My use-case of binary __DATA__ was that I was uncompressing Compress::Zlib
data and used this in production in some 5.8.8 age, which was rather nice
to my taste.

not using this technique anymore, though.

Internal Use - Confidential
Re: "use v5.36.0" should imply ASCII source [ In reply to ]
On Sat, Aug 07, 2021 at 02:01:14PM +0200, Martijn Lievaart wrote:
> Op 07-08-2021 om 08:51 schreef Darren Duncan:

> > If there is a "use utf8;" anywhere in a Perl file, would it not be
> > reasonable to interpret that it is describing the entire file and not
> > just the portion of the file below that statement?
>
>
> ... I don't feel that is reasonable. It's not how "use" works in general.
> "Use" affects the file being parsed from that point on. If you want it to
> affect the whole file, put it as the first statement.

It's not just "not reasonable" - it's not possible.

The perl parser can't restart.

Things like reading source code from a pipe (or terminal) could be worked
around (with sufficient buffering), but that's not the fatal problem here.

The problem is that all actions of the parser happen immediately, and
are committed to the symbol table as they are done. So for starters:

sub foo {
# I am good
}

sub bar {
1 2 3;
# I have a syntax error
}


will generate a definition for &foo before it even starts parsing bar,
and the failure to parse bar won't delete the definition of &foo

So if you wrap the above in an eval (or similar - a require or do in an
eval) and trap the error, you still get &foo.


BEGIN blocks give many many more ways for globally visible side effects to
happen immediately.

So there simply isn't a way to rewind and redo the parse of a file, because
the parsing of a file is not a transaction that ultimately commits or
rolls back - it's kind of AutoCommit, potentially at a
statement-by-statement granularity.

Nicholas Clark
Re: "use v5.36.0" should imply ASCII source [ In reply to ]
On Mon, Aug 16, 2021, at 8:00 AM, Graham Knop wrote:
> On Fri, Aug 6, 2021 at 5:23 PM Ricardo Signes <perl.p5p@rjbs.manxome.org> wrote:>
>> At the PSC, we had a long talk about this, and another proposal was made:
>>
>> We introduce a new stricture, which I'll call "source_encoding". Under "use strict 'source_encoding'", the compiler will raise an exception when the source contains non-ASCII content unless the utf8 pragma is in effect. The error raised can drive the programmer to documentation explaining the various trade-offs. That is: you can turn on utf8 and deal with how this affects your I/O, or you can disable the stricture, or you can restate your non-ASCII content as ASCII by using escaping constructs.
>
> After thinking about this again, I had another idea.
>
> The reason implying 'use utf8' is a problem is because of the impact it has on string semantics. Maybe we can just have it not impact string semantics. Make 'use v5.36.0;' decode the source as UTF-8, but store string literals as byte strings rather than characters. The strings would still be required to be UTF-8 encoded, but would be stored with the utf8 flag off. This would allow using UTF-8 encoded content in comments, Pod, or even in function names, but would not create the confusion with strings and IO.

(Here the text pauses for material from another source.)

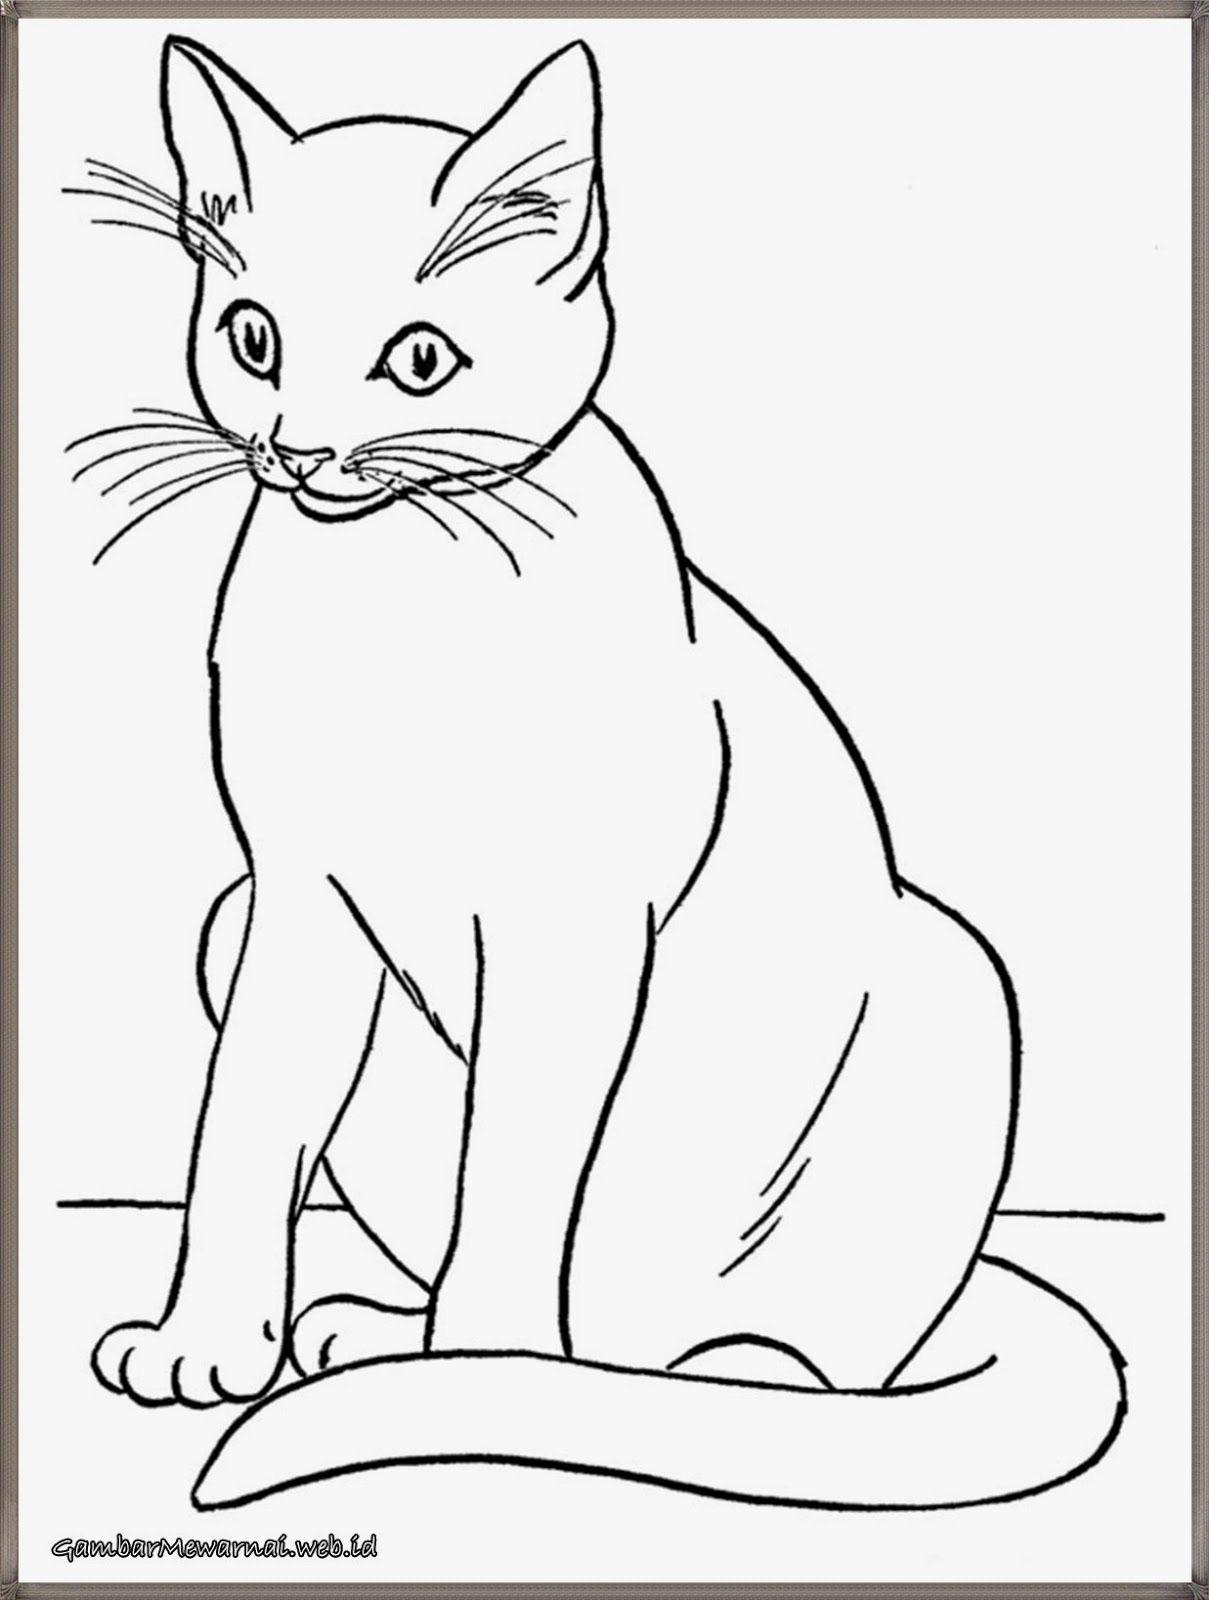 Gambar Kucing Sketsa : gambar, kucing, sketsa, Gambar, Mewarnai:, Mewarnai, Kucing, GambarMewarnai.Web.Id, Hewan,, Sketsa, Menggambar

I said I'd write a reply to this and I didn't. *Mea culpa*.

I think there are two big questions, here:

*ONE:* What's the end state we'd like to get to?

*TWO:* What's a good next step, keeping in mind that we might not ever get past that next step?

My take is this: The end state I'd like is that strings are in one of three states: declared text, declared bytes, unknown. Semantics exist for how to combine these and deal with I/O discipline. The source code is Unicode and string literals are assumed to be text. A new string literal syntax exists for byte strings, like `qb"..."`.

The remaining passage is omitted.